Isolating Nonlinear Independent Sources in fMRI with $β$-TCVAE Models
Li, Qiang, Yu, Shujian, Malo, Jesus, Liu, Jingyu, Adali, Tülay, Calhoun, Vince D.
Learning meaningful latent representations from nonlinear fMRI data remains a fundamental challenge in neuroimaging analysis. Traditional independent component analysis, widely used due to its ability to estimate interpretable functional brain networks, relies on a linear mixing assumption for latent sources, limiting its ability to capture the inherently nonlinear and complex organization of brain dynamics.
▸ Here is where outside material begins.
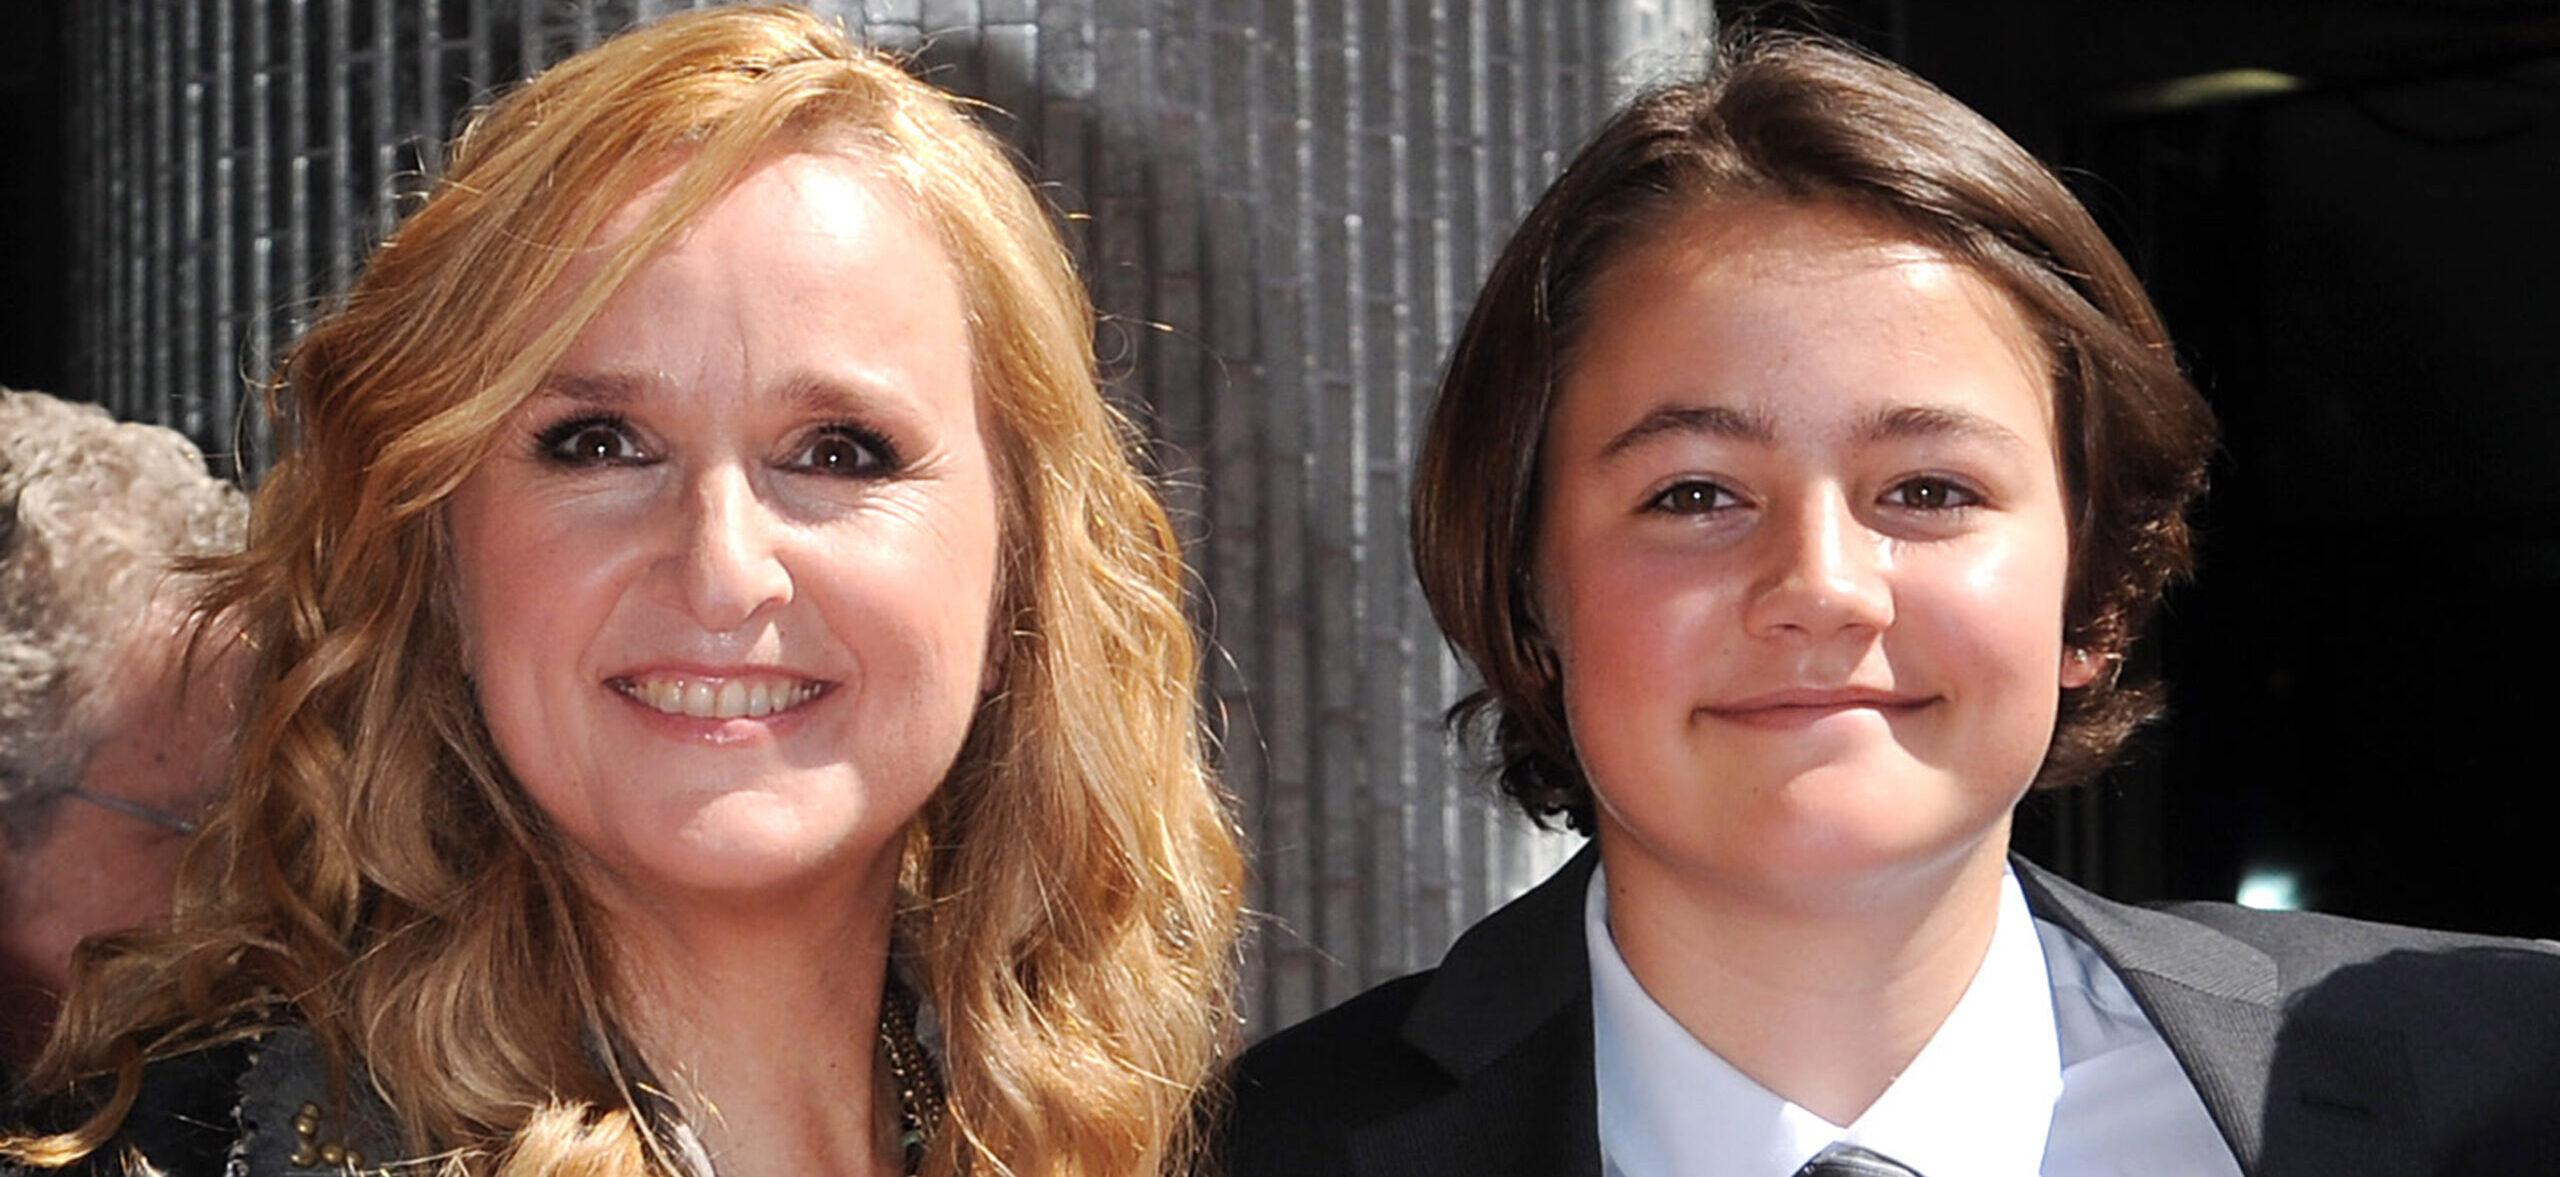 Melissa Etheridge Reflects On Son’s Death From Opioids: ‘The Shame Is Too Big’
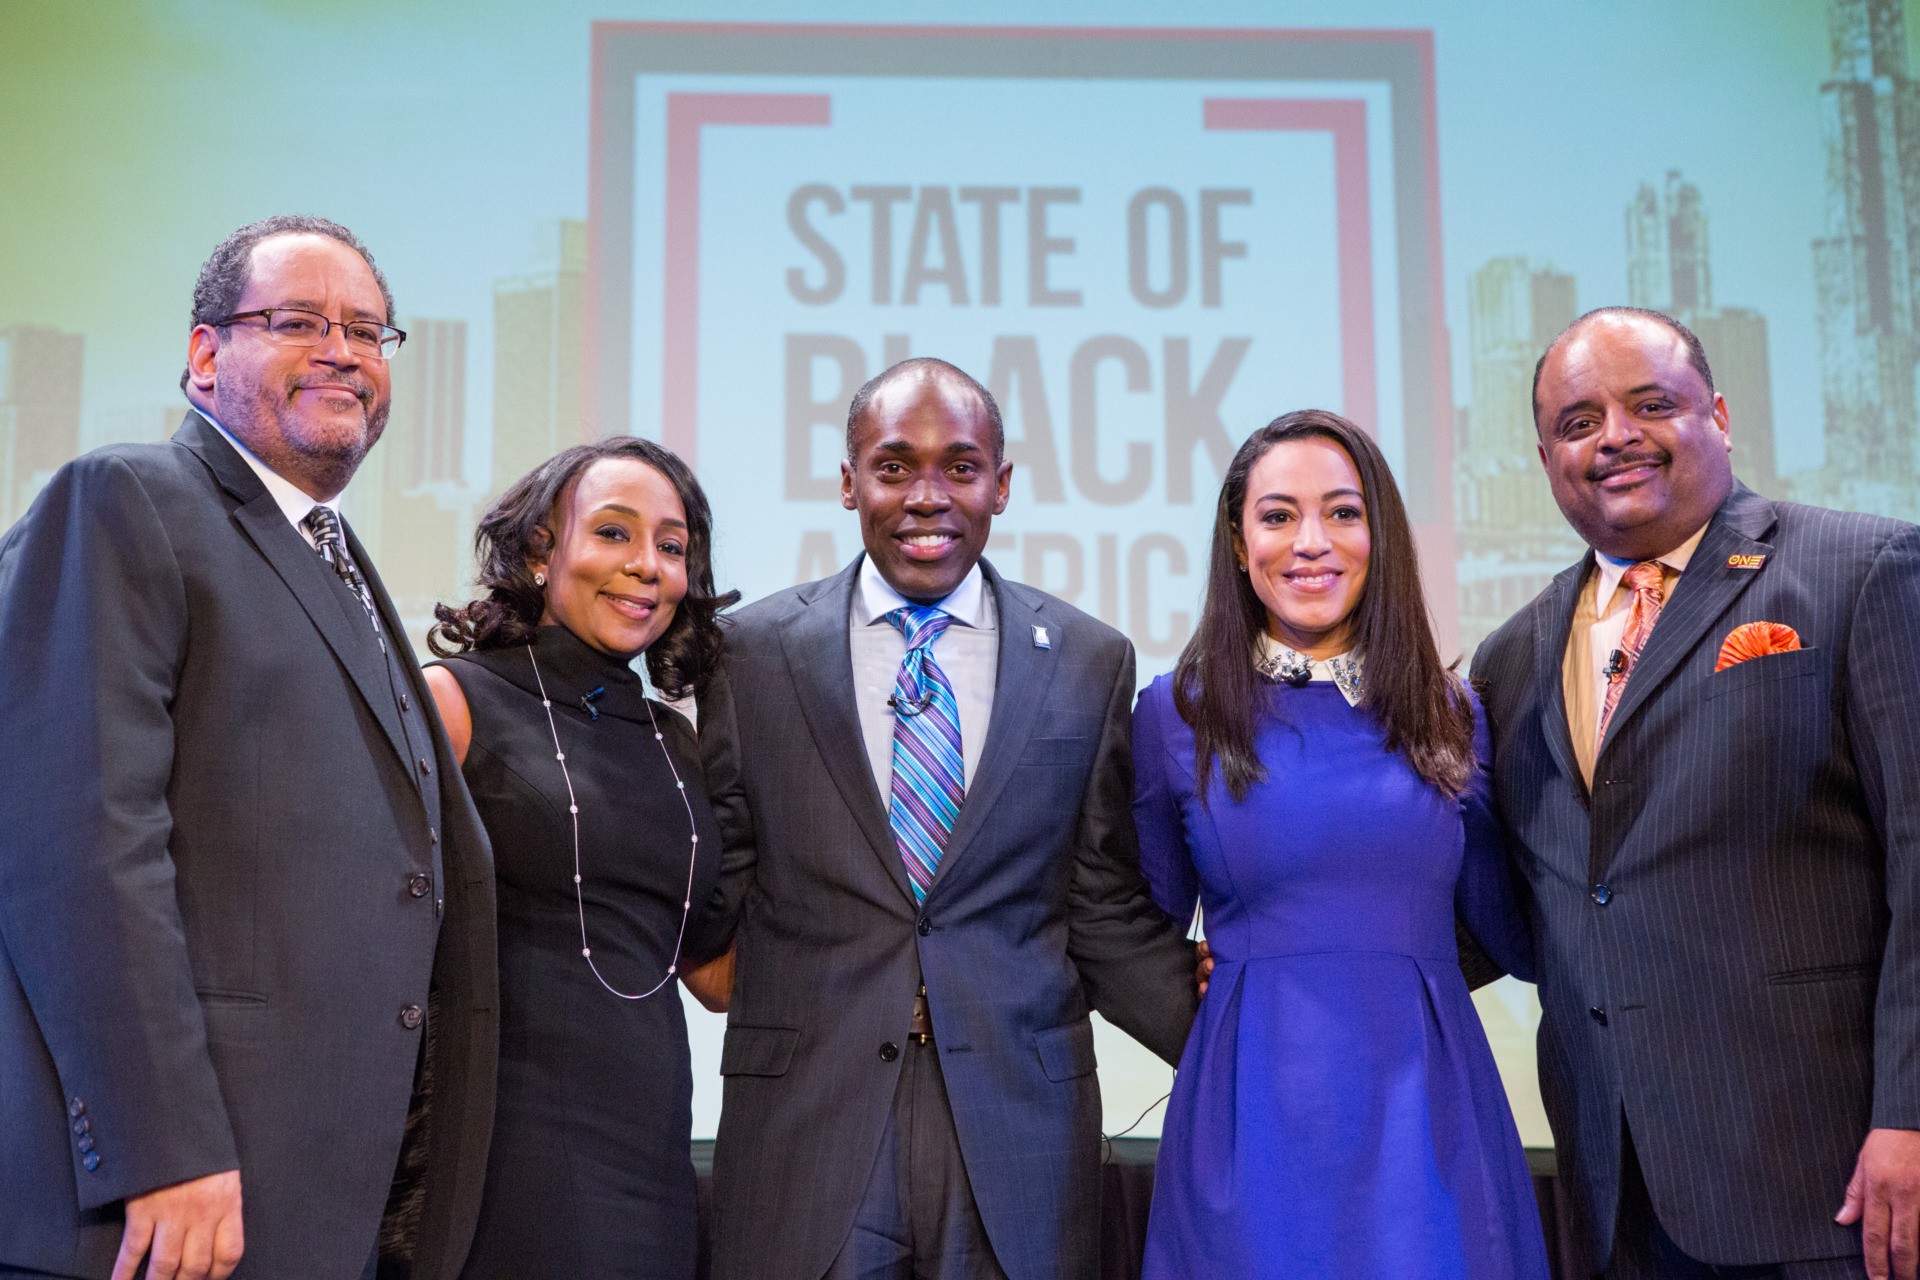 IMAGE DISTRIBUTED FOR TV ONE - Left to right, panelists Dr. Michael Eric Dyson, Georgetown University professor and author, Angela Sailor, former director of the Coalition Department at the RNC, Paris Dennard, political commentator, Angela Rye, political commentator and analyst, and moderator Roland Martin, Managing Editor and Host of NewsOne Now, stand onstage at The State of Black America Town Hall taping presented by TV One and the National Urban League at the Howard Theater on Tuesday, May 2, 2017, in Washington, D.C. The two-hour special will premiere Wednesday, May 31 at 8 p.m. ET on TV One. (Allison Shelley/AP Images for TV One)

More recently, deep representation learning methods have emerged as promising alternatives for modeling nonlinear latent structure. However, many of these approaches have been evaluated primarily on simulated datasets or natural image benchmarks, with comparatively limited validation on real-world neuroimaging data such as fMRI. In this work, we are motivated by the $β$-TCVAE (Total Correlation Variational Autoencoder), a refinement of the $β$-VAE framework for learning latent representations without introducing additional hyperparameters during training. We adapt and modify this model to fMRI data for nonlinear source disentanglement, aiming to separate mixed spatial and temporal brain signals into interpretable components. We show that the $β$-TCVAE framework can recover meaningful nonlinear spatial components with biological relevance, including well-established intrinsic connectivity networks such as the default mode network. Furthermore, we evaluate the learned representations using functional network connectivity, showing that the latent structure captures coherent and interpretable brain organization patterns. This study provides a pilot investigation that bridges nonlinear representation learning and fMRI analysis.